Gasping for air, I jerked upright and my eyes flew open. Darkness greeted me, and my body protested at the sudden movement. Every part of me ached—muscles, bones, and skin. Probably even my hair. Everything hurt, but I was alive.

“It was just a dream,” I whispered hoarsely, gingerly leaning back against the hard, cold wall. “Just a dream . . .”

But there was something different about it, something too clear and crisp, too real. I could feel the fresh air on my skin, smell the metallic scent of blood, and I heard Seth—felt him against me.

But he wasn’t here.

It was like those dreams I had while at the Covenant in South Dakota. The ones that had warned me that he was coming, and the voice had turned out to belong to Atlas, and he had come. They had been . . . prophetic in their tone, and I had the same ache in my temples as I did then. I wondered if they were dreams at all, and if they hadn’t been simple dreams, was the one of me bleeding rivers in a white gown a warning?

None of that really mattered now.

Weary, I closed my eyes and pressed my lips together to stop the bitter sob swelling in my throat. Fuzziness clung to my thoughts, and I stilled for several minutes until it passed.

My throat was dry and my stomach empty. I was so incredibly thirsty and hungry, and I couldn’t remember the last time I’d had a glass of cool water or food that wasn’t stale hamburgers or possibly rotten fries.
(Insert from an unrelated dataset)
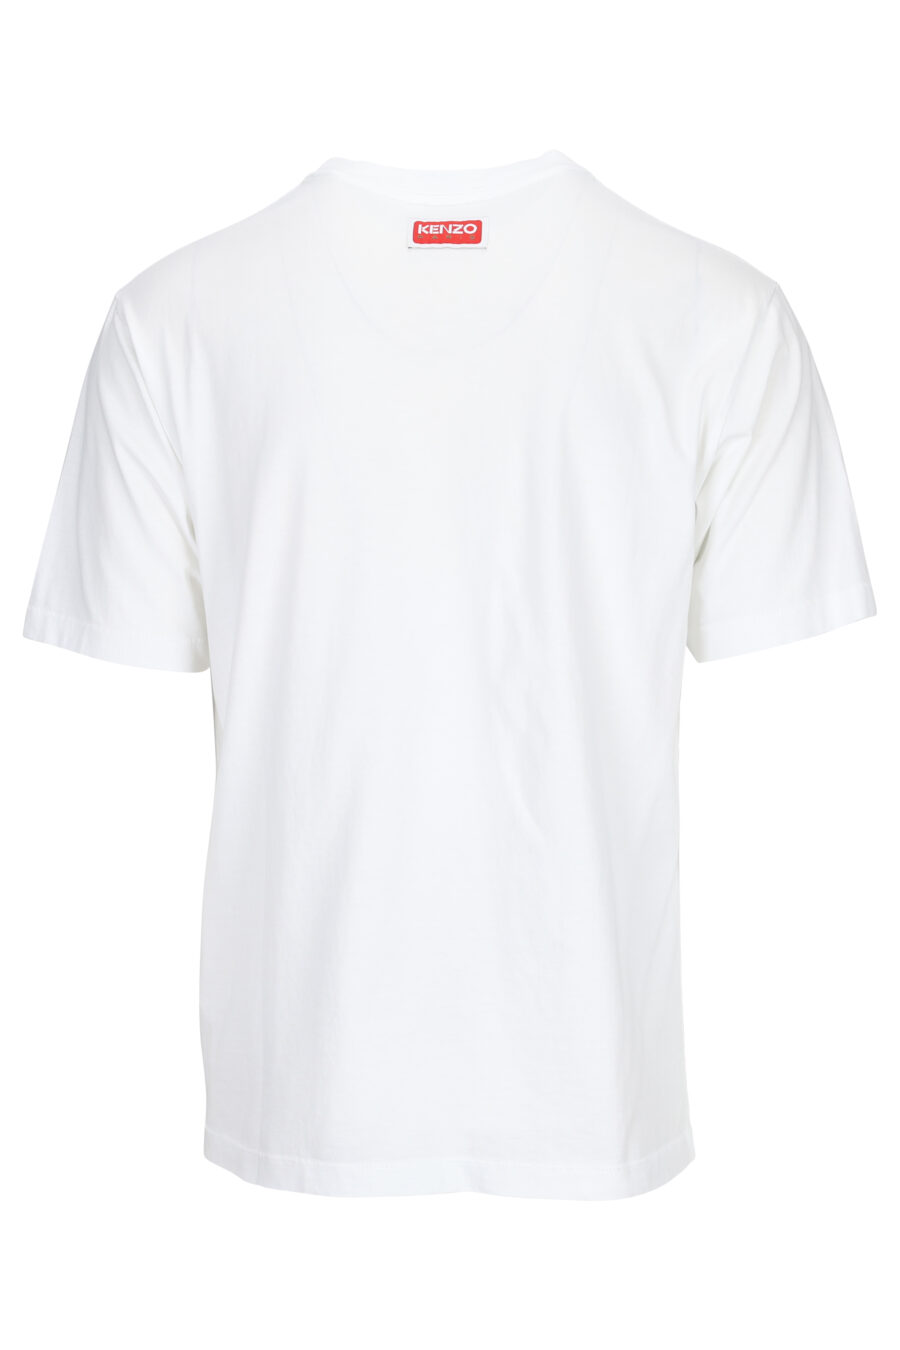 Weißes T-Shirt mit Elefantenminilogie - 3612230553590 1

The Titans tended to forget to feed us, and when they did, it was like they purposely found the most disgusting things to eat, but when hunger gnawed at our insides, we didn’t really care what we put in our mouths. We became desperate.

I was that desperate.

Opening my eyes, I squinted into the darkness. I was alone again. I hadn’t seen Mitchell in a while, and I had no idea if he was alive or if he was like . . . like that poor girl.

Before I’d been taken away, the girl had begun to . . . to decompose. The stench had been choking. The female Titan—Tethys—had finally removed the bound demigod’s body and had done so without an ounce of care or respect for her. The Titan had grabbed her by the shoulders and dragged her body out of the room. Dragged her.

A shudder racked me.

I was now kept in a smaller room with a packed dirt floor that smelled of roots and mold. There might be mice in here, but I tried not to think about that.

I tried not to think about a lot of things.

I had no idea how many days passed since Hyperion had snatched me off the cliffs in Malibu. There’d been at least three, because I had been allowed to spend time in the sun three times when Hyperion had taken me above, and it had felt like days had passed between those times, but I couldn’t be sure other than that there was a pattern emerging to his visits.

Hyperion would feed.

Another shudder worked its way through my body as I pulled my legs up to my chest. Sometimes he’d do it like Seth . . . like Seth had done—like when Seth had fed off me and I hadn’t even noticed, but Hyperion made damn sure I knew exactly what he was doing. He’d press his hand into my sternum until the skin bruised, and I’d fight until the pain took over and all I could do was breathe through it.

It felt like every cell in my body was being scattered and the skin sliced off the muscles with a rusty butter knife, and I couldn’t fight that. No matter how strong or brave I tried to be, the pain was all-consuming, and all I could do was shrink away from it, pray for an end, for the blissful nothingness that eventually followed.